Department of Pathology, Cambridge Institute of Medical Research, University of Cambridge, Cambridge CB2 0XY, United Kingdom.
Proc Natl Acad Sci U S A. 2013 Feb 26;110(9):3465-70. doi: 10.1073/pnas.1222342110. Epub 2013 Feb 11.
Tapasin is an integral component of the peptide-loading complex (PLC) important for efficient peptide loading onto MHC class I molecules. We investigated the function of the tapasin-related protein, TAPBPR. Like tapasin, TAPBPR is widely expressed, IFN-γ-inducible, and binds to MHC class I coupled with β2-microglobulin in the endoplasmic reticulum. In contrast to tapasin, TAPBPR does not bind ERp57 or calreticulin and is not an integral component of the PLC. β2-microglobulin is essential for the association between TAPBPR and MHC class I. However, the association between TAPBPR and MHC class I occurs in the absence of a functional PLC, suggesting peptide is not required. Expression of TAPBPR decreases the rate of MHC class I maturation through the secretory pathway and prolongs the association of MHC class I on the PLC. The TAPBPR:MHC class I complex trafficks through the Golgi apparatus, demonstrating a function of TAPBPR beyond the endoplasmic reticulum/cis-Golgi. The identification of TAPBPR as an additional component of the MHC class I antigen-presentation pathway demonstrates that mechanisms controlling MHC class I expression remain incompletely understood.
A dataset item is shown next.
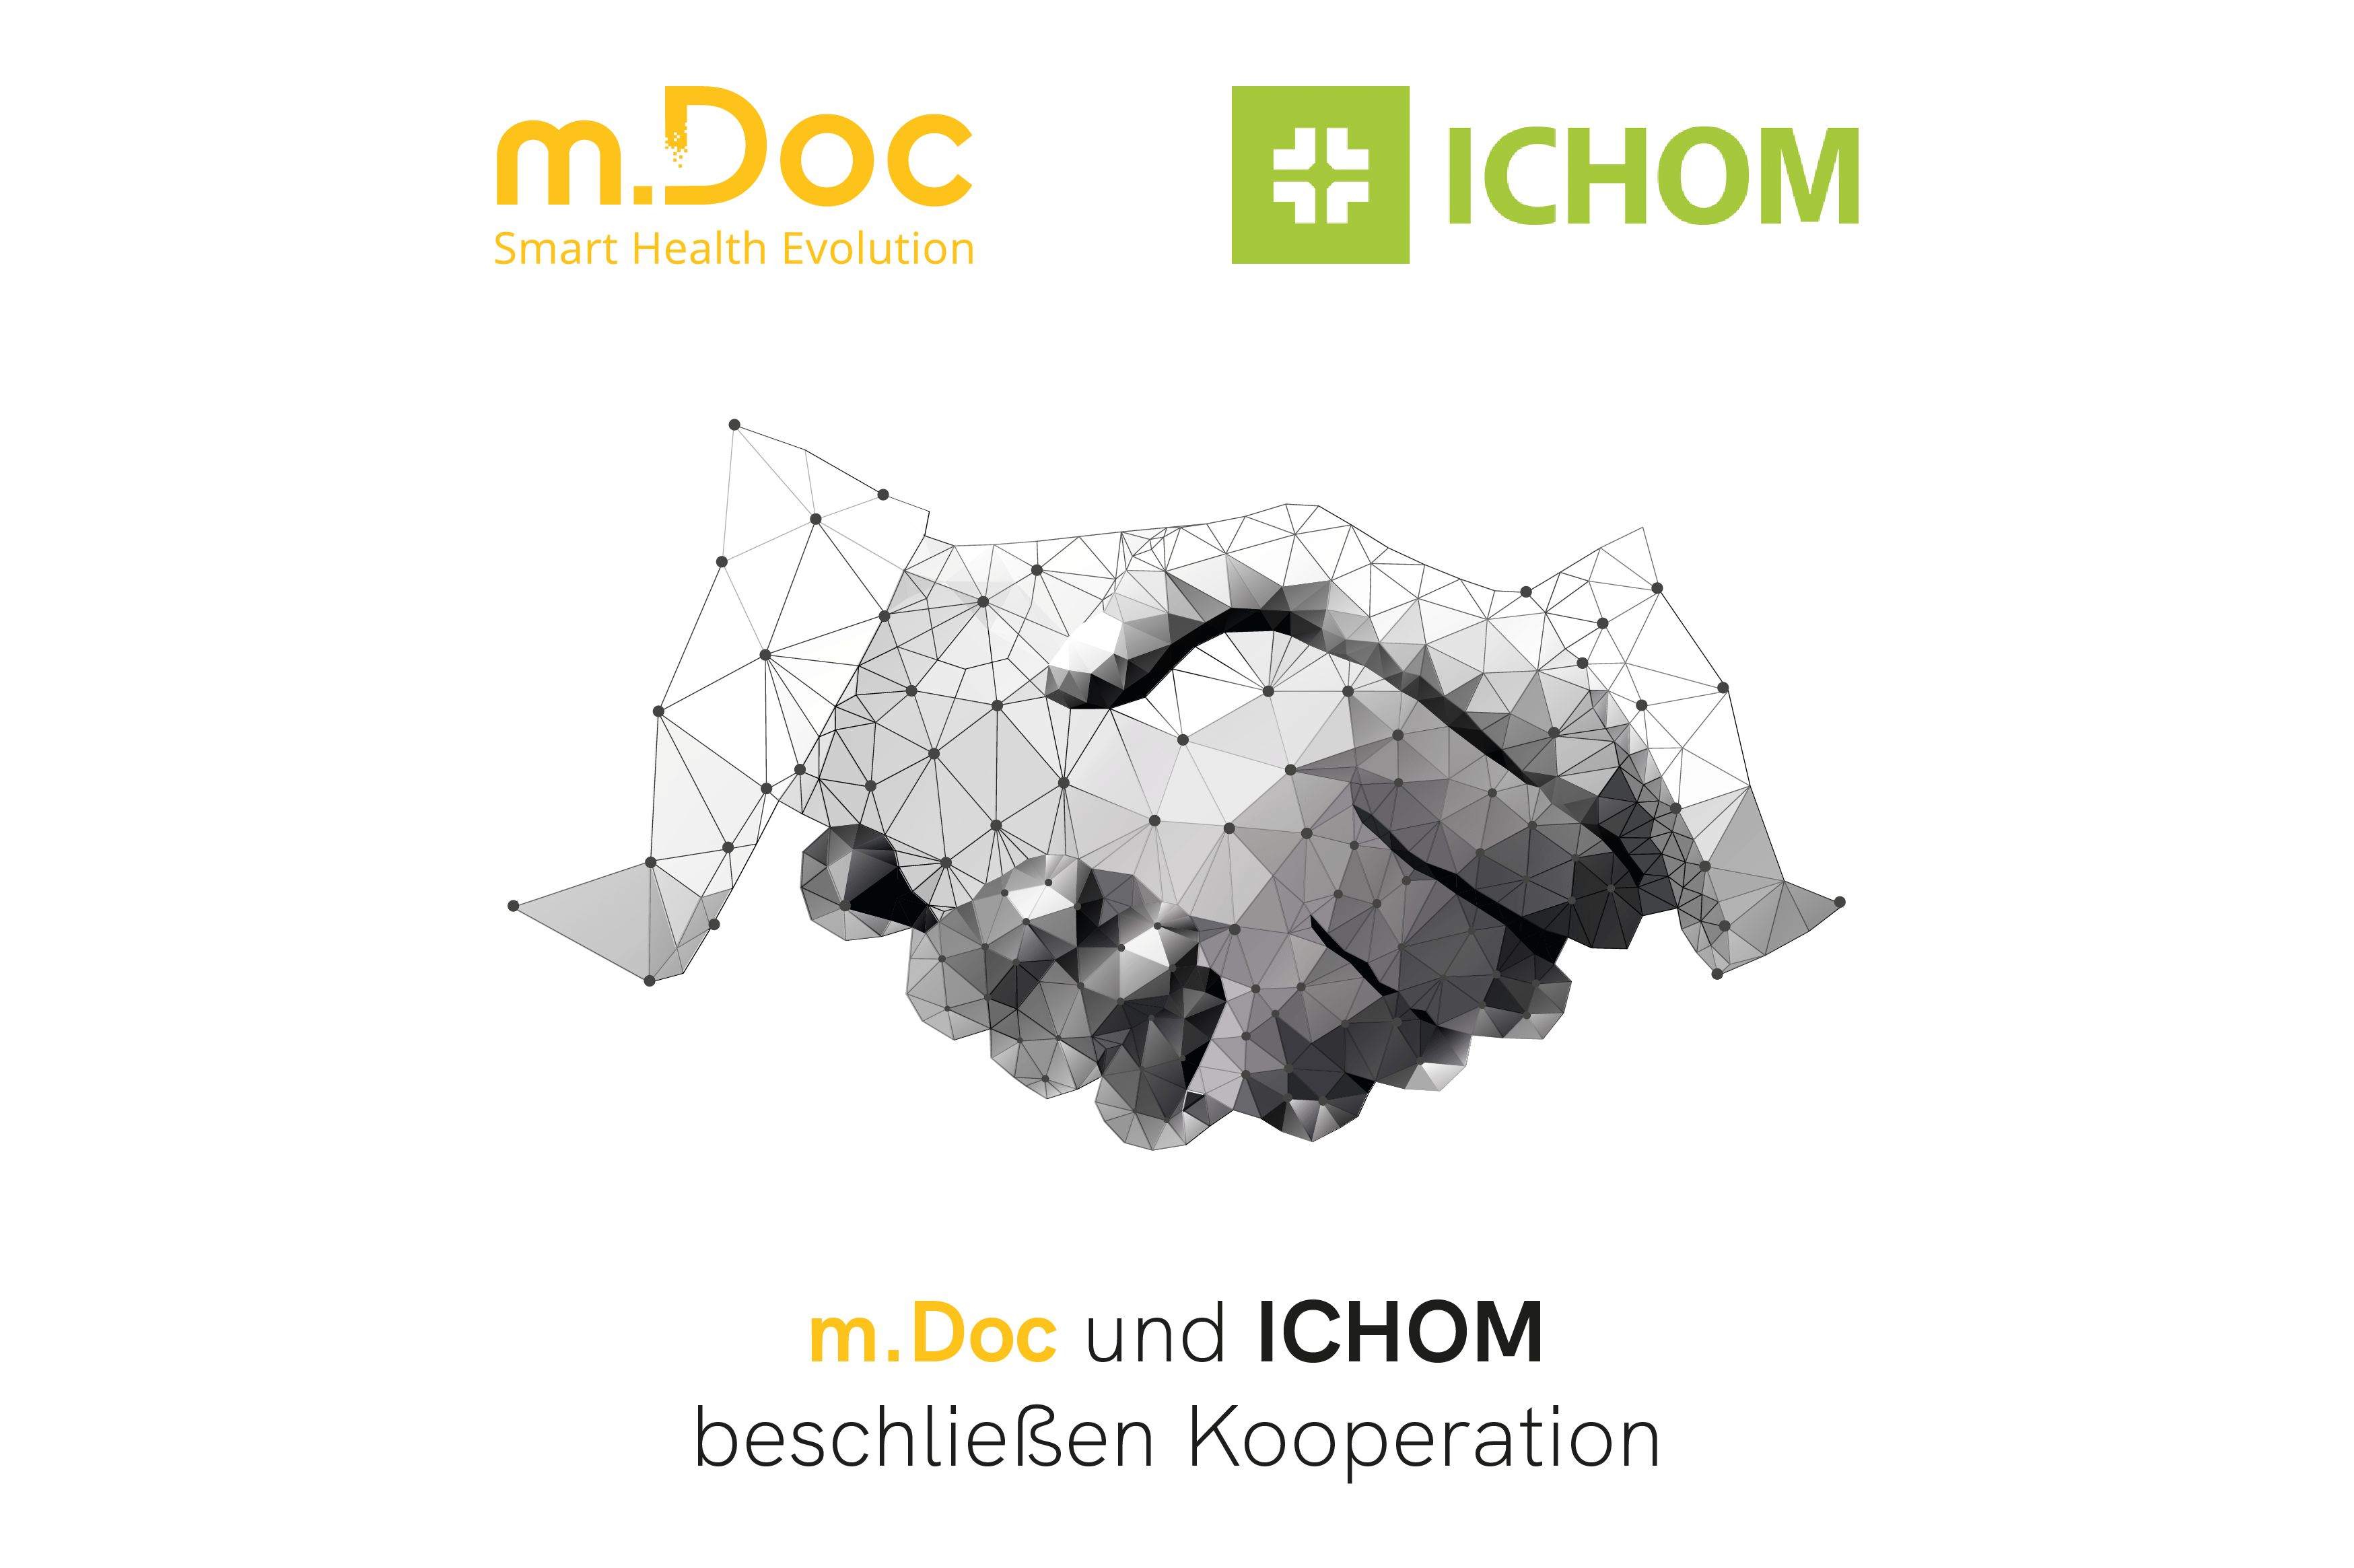 You are currently viewing m.Doc and ICHOM agree on cooperation

Tapasin 是肽加载复合物(PLC)的一个组成部分,对于 MHC I 分子有效加载肽至关重要。我们研究了 tapasin 相关蛋白 TAPBPR 的功能。与 tapasin 一样,TAPBPR 广泛表达,IFN-γ诱导,与 MHC I 结合,并与内质网中的β2-微球蛋白结合。与 tapasin 不同,TAPBPR 不与 ERp57 或钙网蛋白结合,也不是 PLC 的组成部分。β2-微球蛋白是 TAPBPR 与 MHC I 结合所必需的。然而,TAPBPR 与 MHC I 的结合发生在没有功能性 PLC 的情况下,表明不需要肽。TAPBPR 的表达通过分泌途径降低 MHC I 成熟的速度,并延长 MHC I 在 PLC 上的结合。TAPBPR:MHC I 复合物通过高尔基体运输,证明 TAPBPR 的功能超越了内质网/顺式高尔基体。将 TAPBPR 鉴定为 MHC I 抗原呈递途径的另一个组成部分表明,控制 MHC I 表达的机制仍不完全清楚。